Von den 60 Bakterienstämmen auf Agarplatten mussten nun die ausgewählt werden, die am vielversprechendsten für eine neu zu beschreibende Art sind.
Dazu wurde von jeder Platte eine winzige Probe von einer Kolonie mit einer Pipette aufgenommen und in ein kleines Reagenzgefäß gegeben.
Damit nun die Erbsubstanz (DNA) untersucht werden kann, muss sie erst einmal vervielfältigt werden. Dieses Verfahren nennt man PCR (Polymerasekettenreaktion).

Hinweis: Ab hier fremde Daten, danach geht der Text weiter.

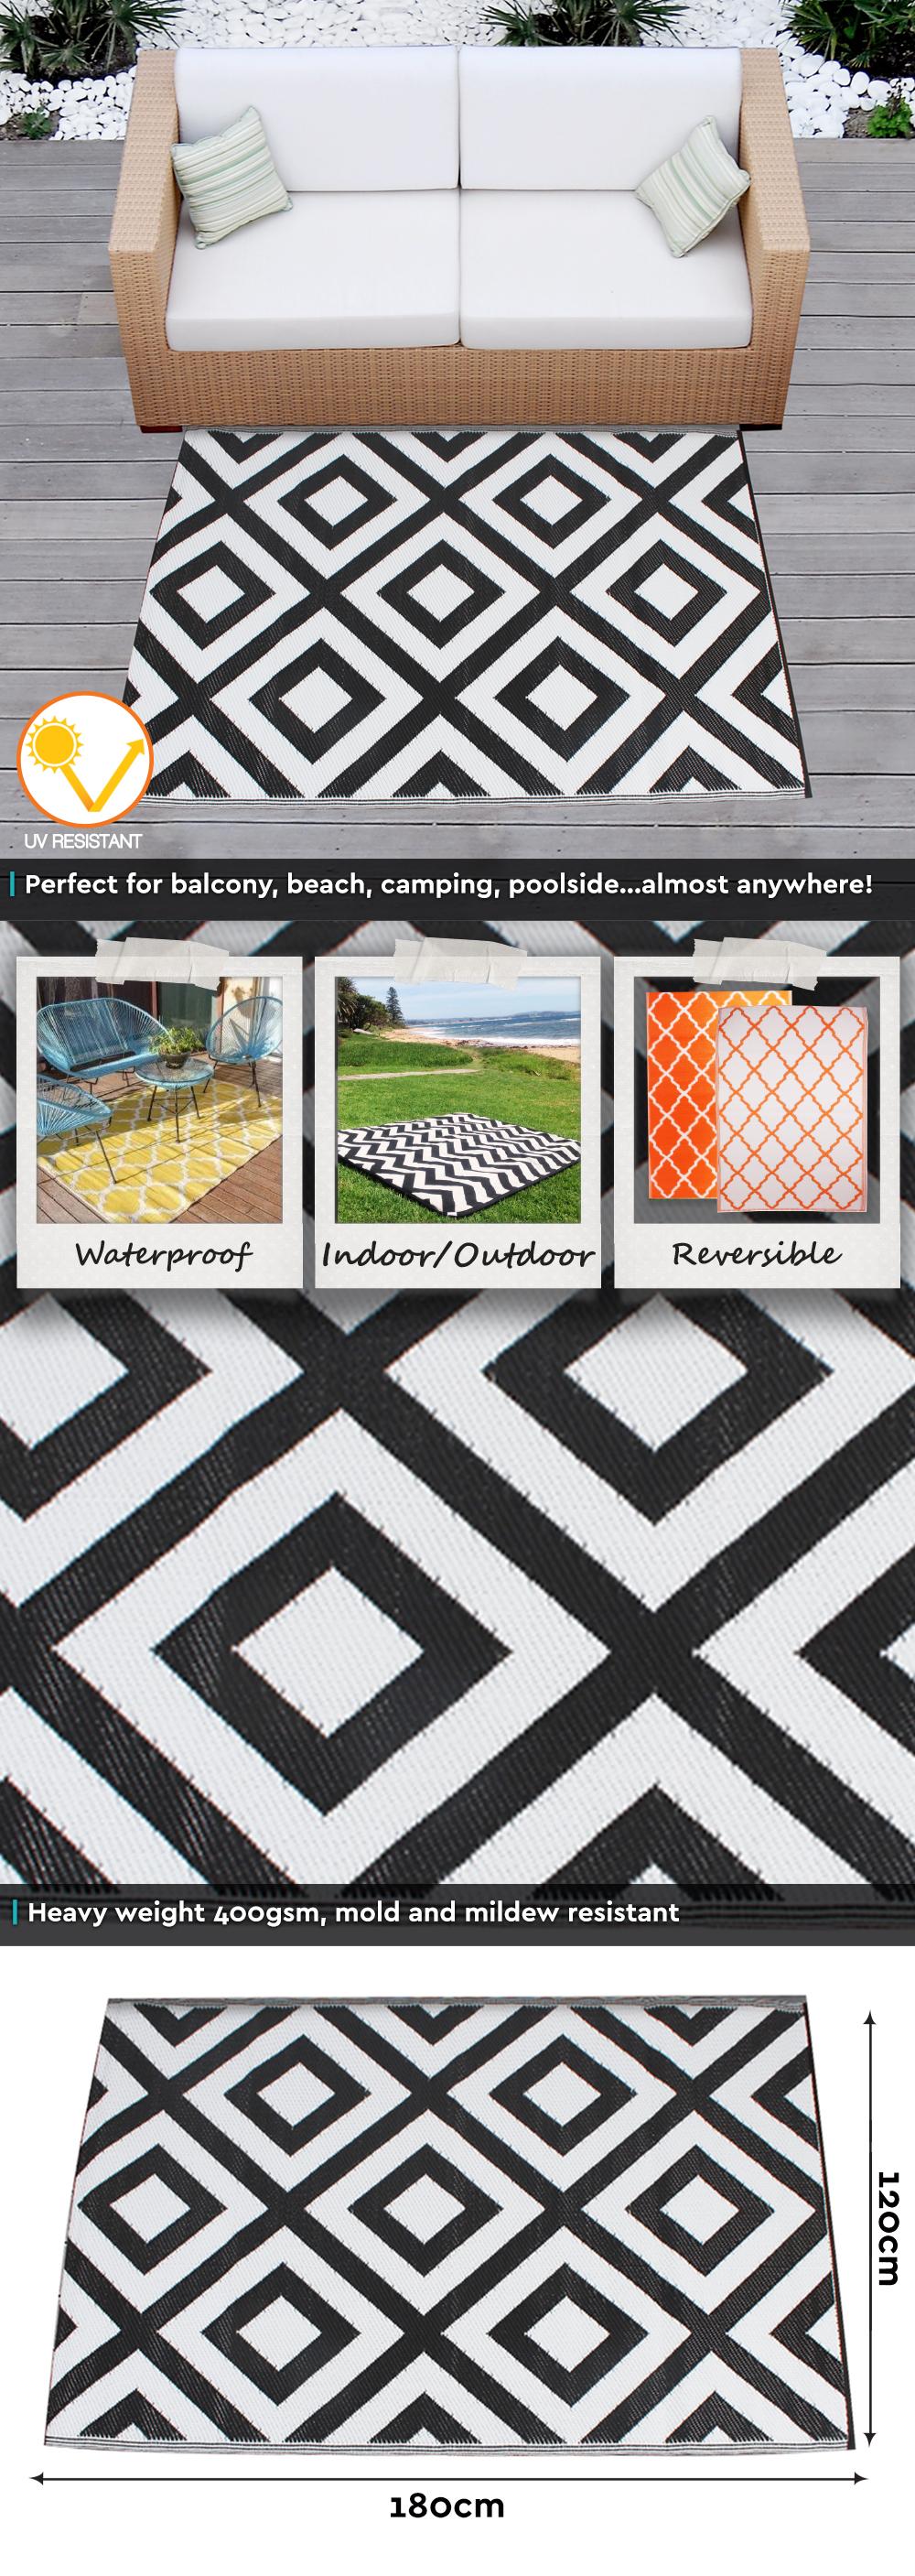 outdoor plastic rug mat recycled polypropylene patio picnic 180x120cm black geo ebay. Black Bedroom Furniture Sets. Home Design Ideas

Für die Entwicklung dieser genialen Methode erhielt Karry Mullis 1993 den Nobelpreis für Chemie. Dies geschieht in einem sogenannten Thermocycler. Der macht eigentlich nichts anderes als in vielen Cyclen eine ganz genaue Temperatur zu halten. Zur Kontrolle wurden die Proben dann auf ein Gel aufgetragen und dieses fotographiert. Alle Proben waren in Ordnung, die PCR hatte funktioniert.

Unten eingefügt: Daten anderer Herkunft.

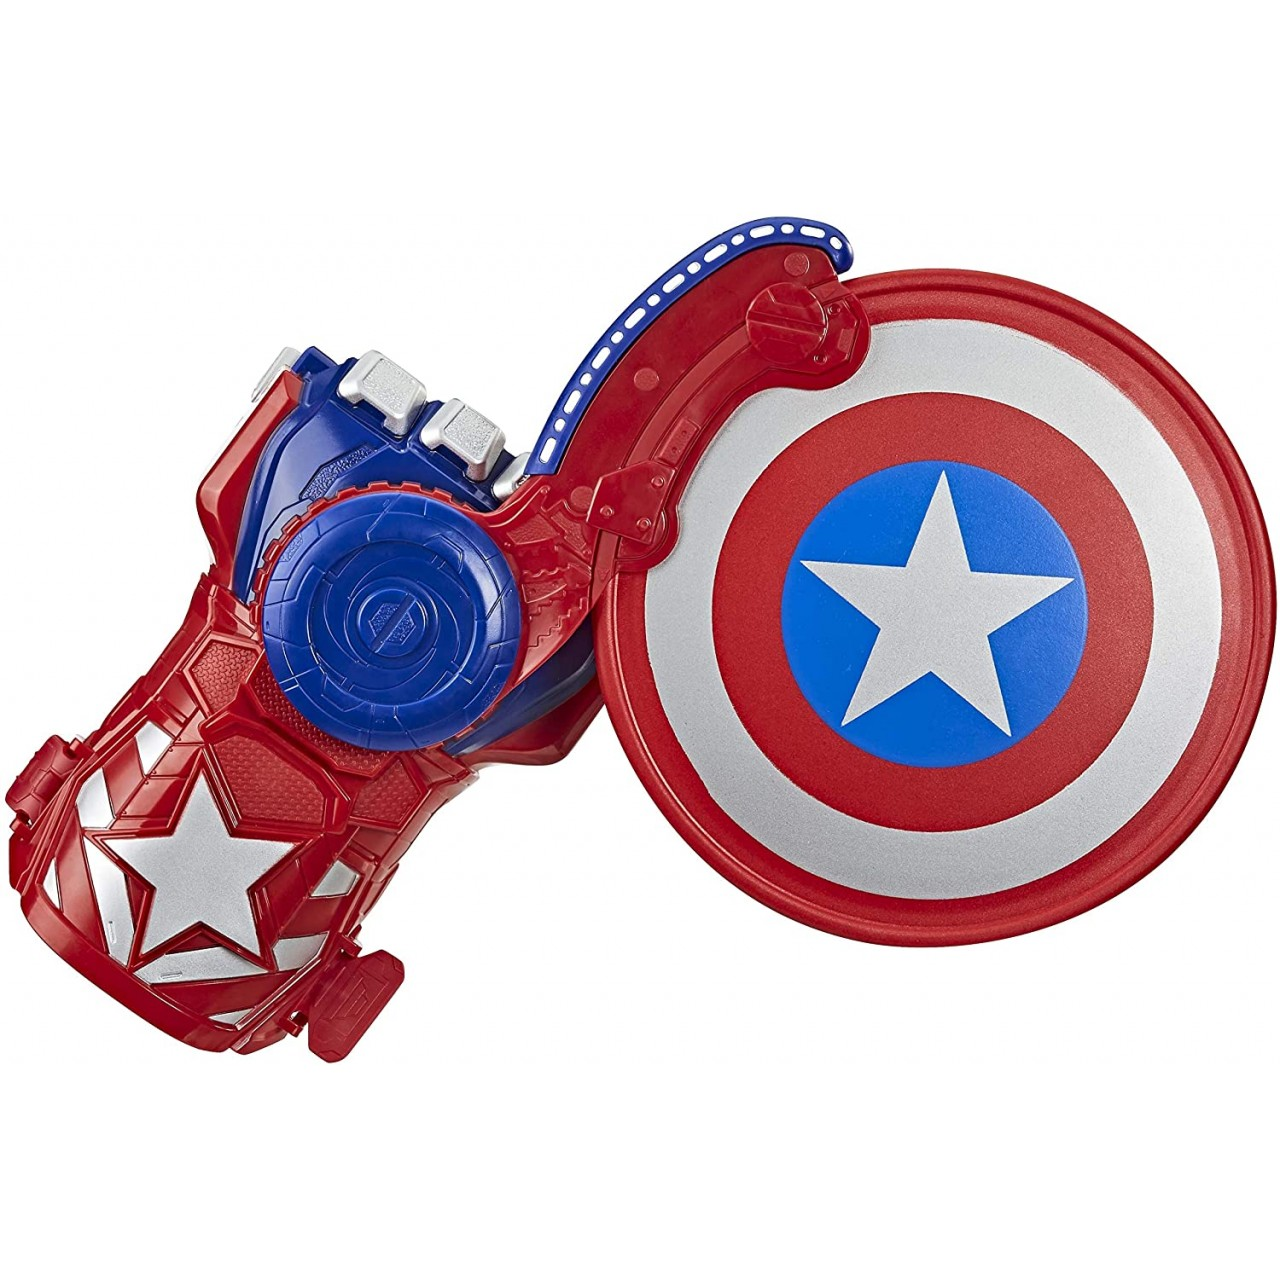 "Бластер-перчатка Капитан Америка ""Мстители: Завершение"" E7375 Nerf от Hasbro"

Die DNA-Proben wurden verpackt, zur Post gebracht und nach München verschickt. Dort wurden sie bei der Firma Eurofins sequenziert. Das bedeutet, dass zunächst mal ein winziger Teil der DNA, das sogenannte 16S rRNA Gen, ausgelesen wurde. Das kann man sich so vorstellen, dass die Erbsubstanz ein riesiges Buch ist und eine Zeile des Buches wurde entziffert. Aber anders als in einem Buch besteht der Text nur aus 4 Buchstaben nämlich A,T,C und G, wobei diese Buchstaben für bestimmte chemische Verbindungen stehen. Innerhalb weniger Tage sind die Sequenzen verfügbar und können als Datei heruntergeladen werden. Man erhält ein sogenanntes Chromatogramm, bei dem jedes Maximumin der Kurve einem Buchstaben zugeordnet werden kann. Und so sieht das für den  Stamm 108F-WASEE aus dem Wagingersee aus:

Diese kann man nun in eine Datenbank eingeben. Dort wird die Sequenz mit ganz vielen anderen Sequenzen verglichen. Man erhält dann eine Liste, der mit dem Stamm am nächsten verwandten schon bekannten Arten.
Im Fall von 108F-WASEE ist die Sequenz zu 98% identisch mit der von Asticcacaulis biprosthecium. Er gehört damit höchstwahrscheinlich zu dieser Art oder ist nahe damit verwandt.